When you are elaborating, you are explaining and describing what you are revising with as many details as possible. You are looking for answers to why and how things work, and you are looking for connections between the material and other things you know.

Elaboration: why?

When you elaborate, you focus on the details and the connections between the material (what you are revising) and things in your own experience and knowledge (already safely in your long-term memory). These details and connections create “hooks” to help you remember the material you are revising.

Also, by working the material through your brain and doing something with it, you are strengthening the connections in your memory.

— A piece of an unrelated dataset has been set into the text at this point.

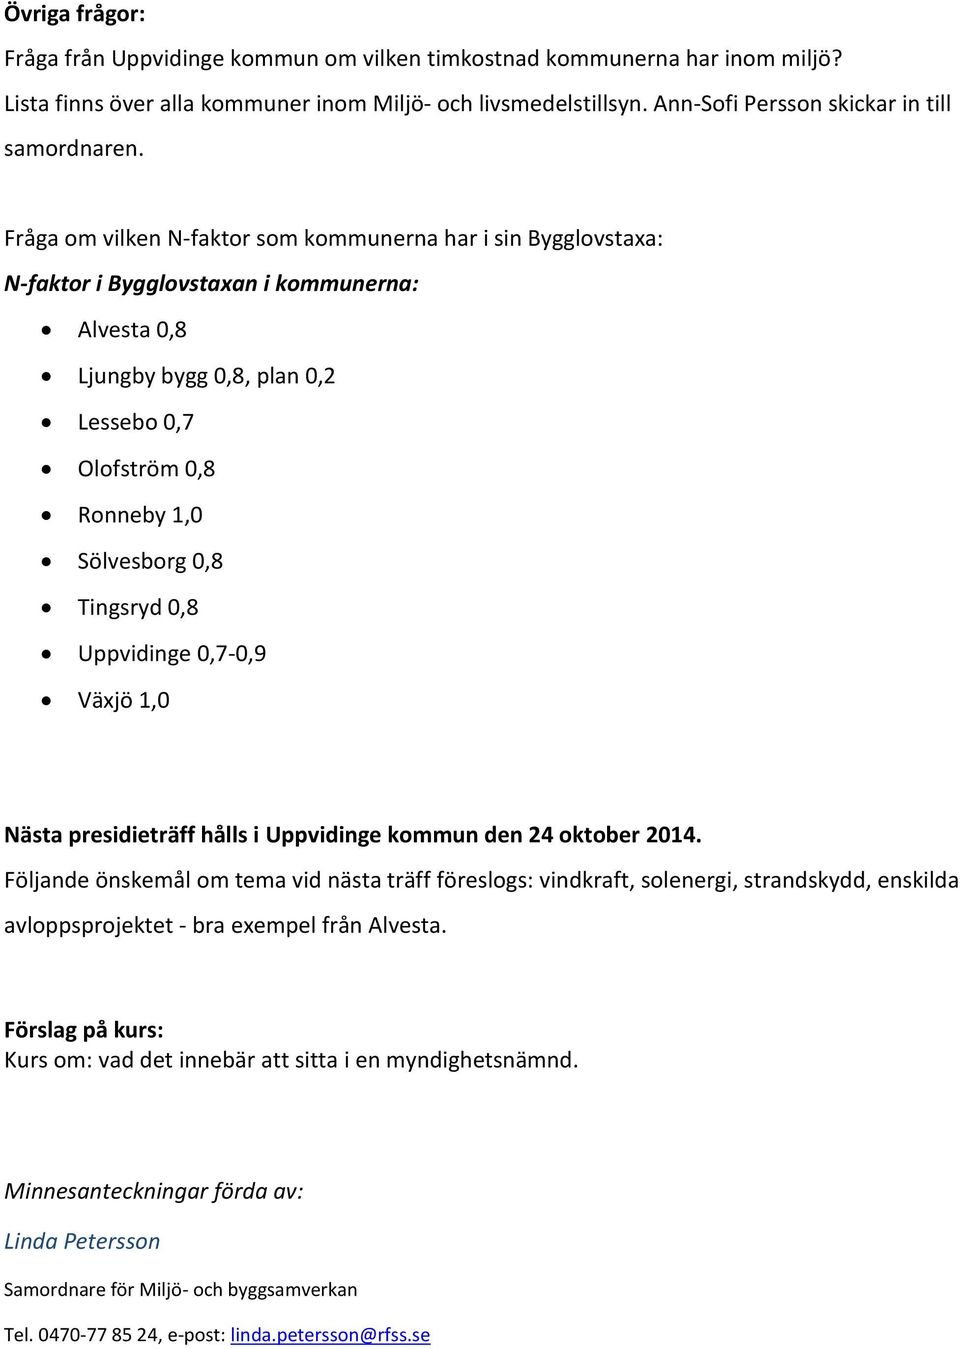 Fråga om vilken N-faktor som kommunerna har i sin Bygglovstaxa: N-faktor i Bygglovstaxan i kommunerna: Alvesta 0,8 Ljungby bygg 0,8, plan 0,2 Lessebo 0,7 Olofström 0,8 Ronneby 1,0 Sölvesborg 0,8

Elaboration: how do I do it?

How you elaborate depends on what it is that you are revising. Let’s say you are revising Biology, and you want to remember cell structures. You could ask yourself why animal and plant cells differ, and how they differ. Note the answers down, or say them out loud to yourself (or into a voice memo recorder). You could then ask yourself how they are similar, and why.

Always check that your elaborations are accurate after you’ve done them. Refer back to your notes, textbooks, or online resources. Correct and mistakes and repeat the elaboration with the corrections, otherwise you’ll risk remembering the incorrect material.

Elaboration: next steps

In the early stages of elaboration, it’s a good idea to have your notes around you to refer to. The eventual aim, however, is to get to the point where you can describe and explain accurately without the material in front of you.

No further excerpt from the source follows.